As I reflect on my mental health journey, there is a specific conversation that comes to mind that I had with my therapist at the time. As a caring and nurturing person I struggled to hold accountable those who were harming me. I focus on their inner goodness, their struggles, and their weakness so the hurt could hurt less. I hid behind a shield of understanding that was exhausting. And more importantly the shield was ineffective, I was still being hurt but I just refused to experience it.
I remember my therapist telling me about the concept of two truths coexisting. That I could hold space for understanding while creating space for my own well being. I could accept that someone is behaving in a toxic way due to their traumas, while creating boundaries that save me from emotional abuse. You can hold space for others to heal, and step away when you need space to heal and recharge.
In practice this can look different from person to person and situation to situation. An example that comes to mind is one I have seen in many immigrant POC families and even within the families of my students. Many of the times these communities were focused on survival, so every decision was made with that in mind. So a child might have interest in the arts, but was pushed to pursue a more lucrative career so that they could provide for their family in future. This may have made the child feel that their parents’ love was conditional, and that their parents’ didn’t care about their happiness. Through the 2 truths model, we can actually take the time to acknowledge both perspectives without creating blame. This is vital as many children of immigrants feel guilt when re-evaluating the systems that may have intentionally hurt them. The reframe with the model could very well be “ my parents love me/ they want the best for me and my parents didn’t know how to support me/ they hurt me when they didn’t support my dreams.
Although the reframe might be including the way one was hurt, it still highlights the parents in a positive light. Which for empathic people is a game changer. This mindset allows them to stay connected to their inherent sense of understanding, while giving them the tools to keep themselves safe.

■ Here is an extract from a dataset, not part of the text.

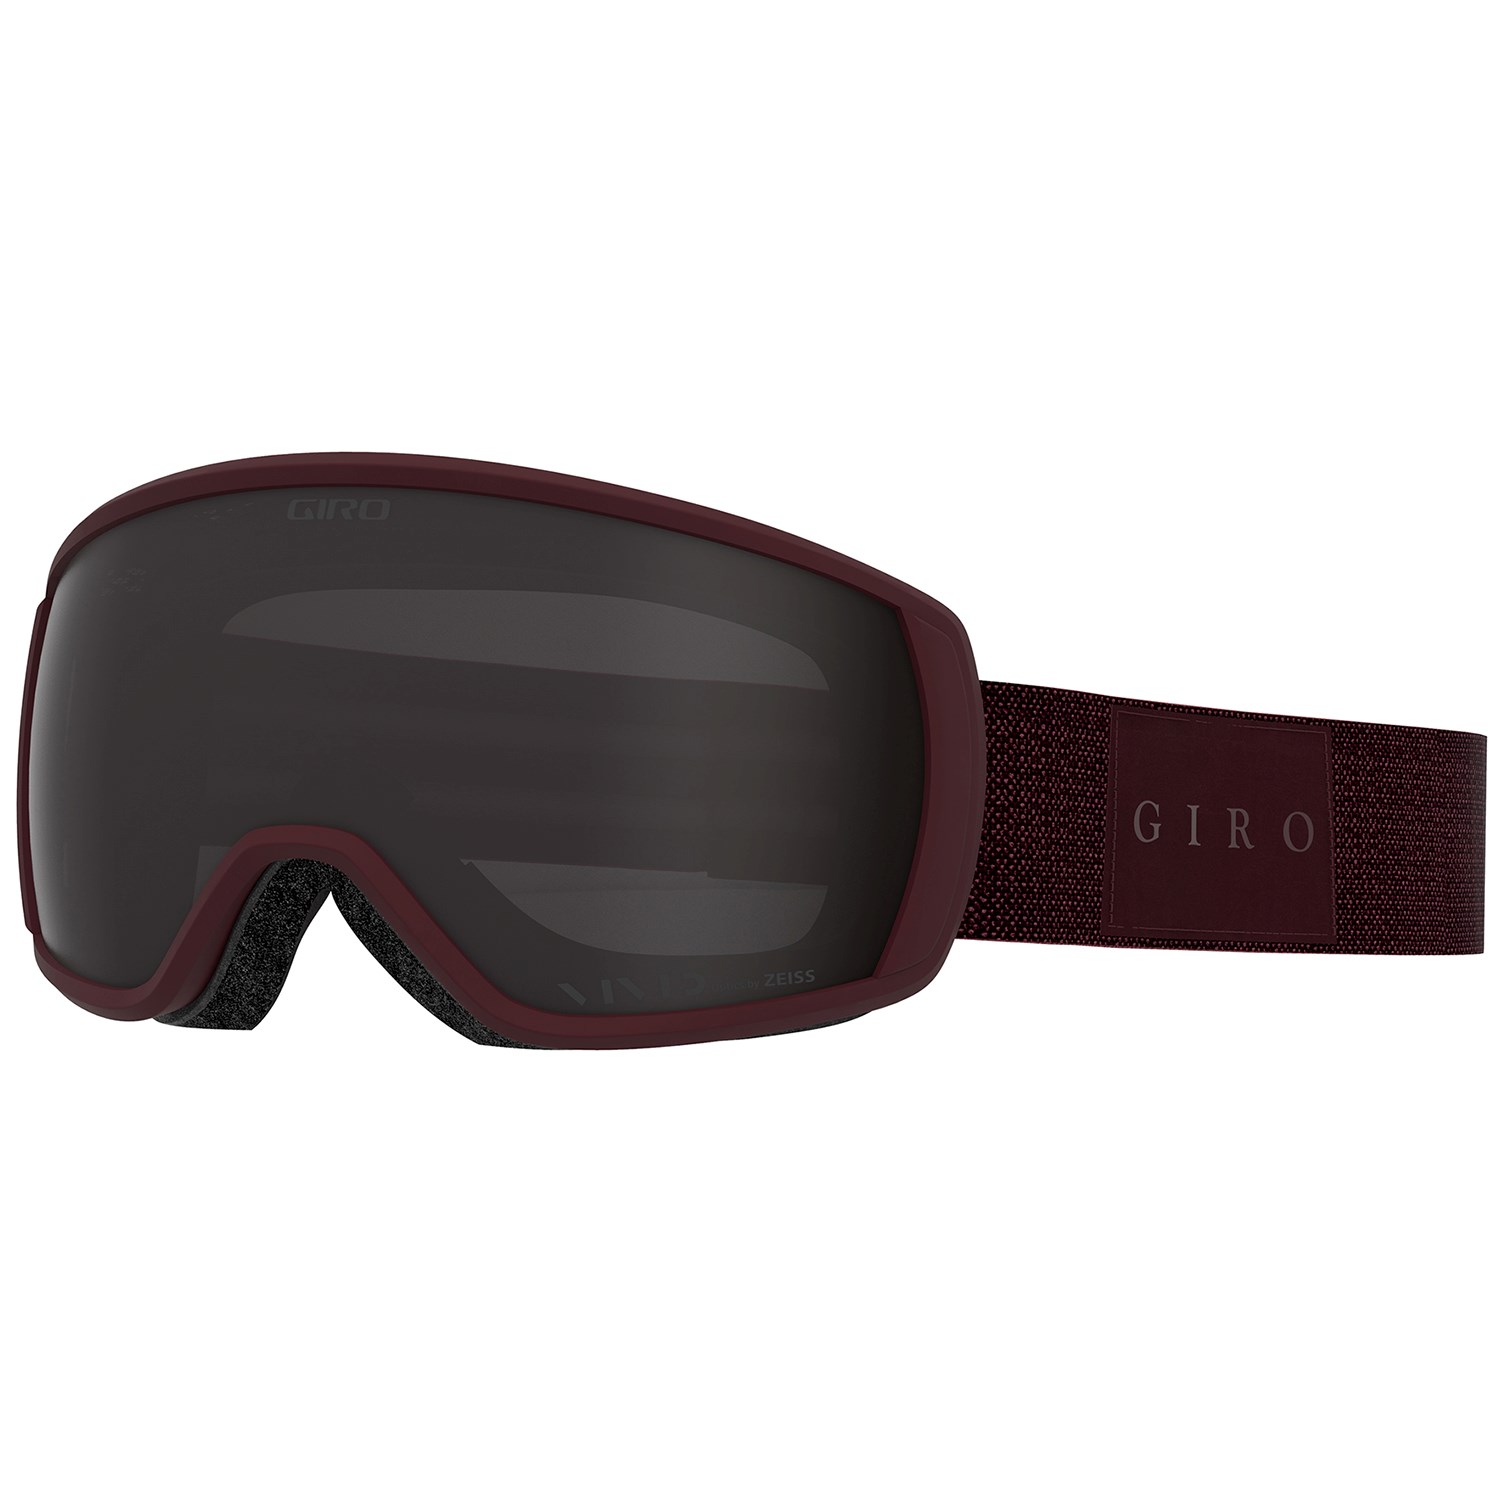 Giro Balance red Skibrille mit scharlachroter Flash-Beschichtung Art 7071434 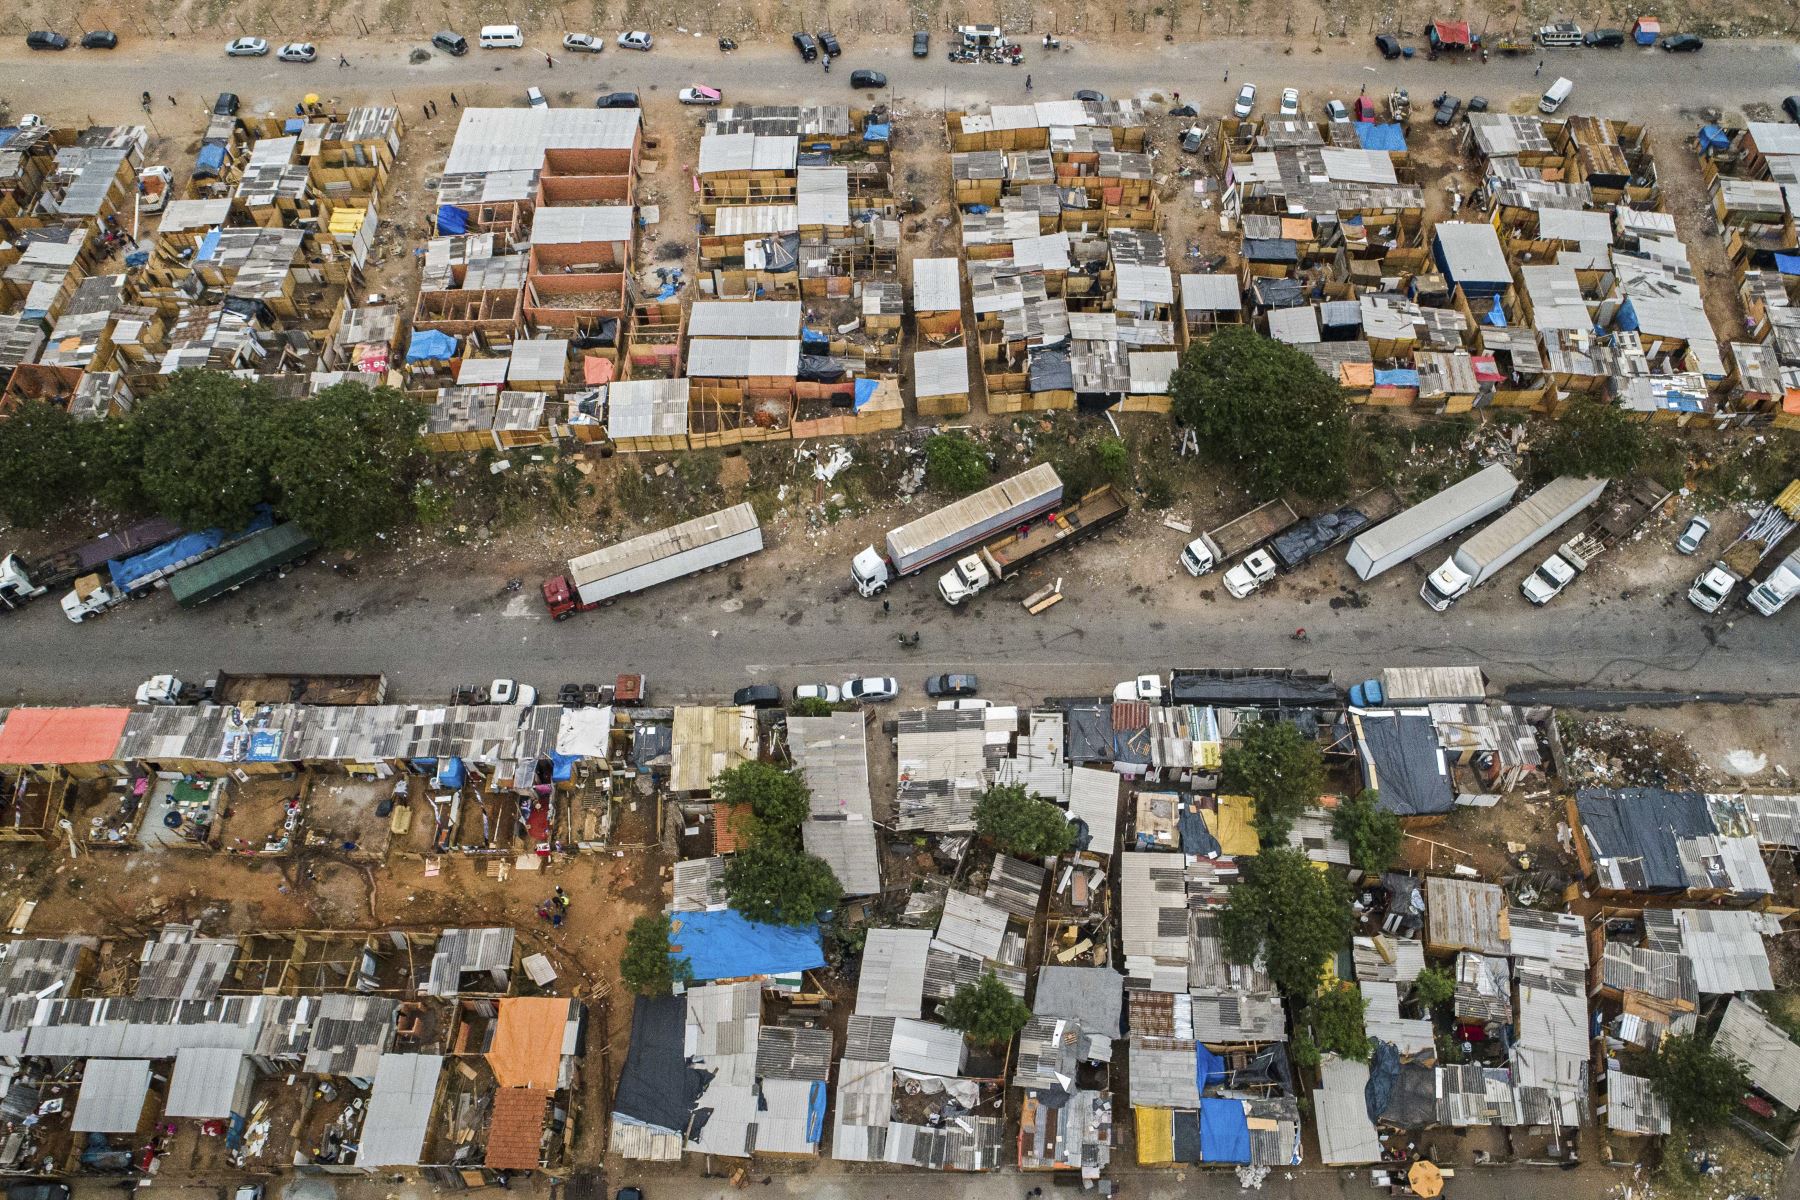 Hoy ya cerca de 700 familias construyeron sus viviendas allí, la mayoría de madera, con techos de láminas de plástico y sin baños. Foto: AFP

Another instance where I directly used this in my life was around a group of people who I thought would be my ride or die. But as we got older we grew in different directions. So much so that we started to outgrow each other. Whenever around that group of people I would force myself to act as someone I was no longer, to make them comfortable. And the two truths in this situation manifested differently, rather than focusing on them, I ended up focusing on me. The reframe I came up with here was “ As much I love and care about these people, they are no longer good for me. I now acknowledge the traumas holding them back, and accept that I can’t force them to be ready to heal from them. So I can still love and care about them but it will be from afar to protect my peace.”
So next time you find yourself struggling to juggle perspective whether between you and someone else, or even between two conflicting parts within you try applying the concept of two truths. Your understanding shouldn’t cost you your peace. And your compassion doesn’t mean you can’t hold others accountable.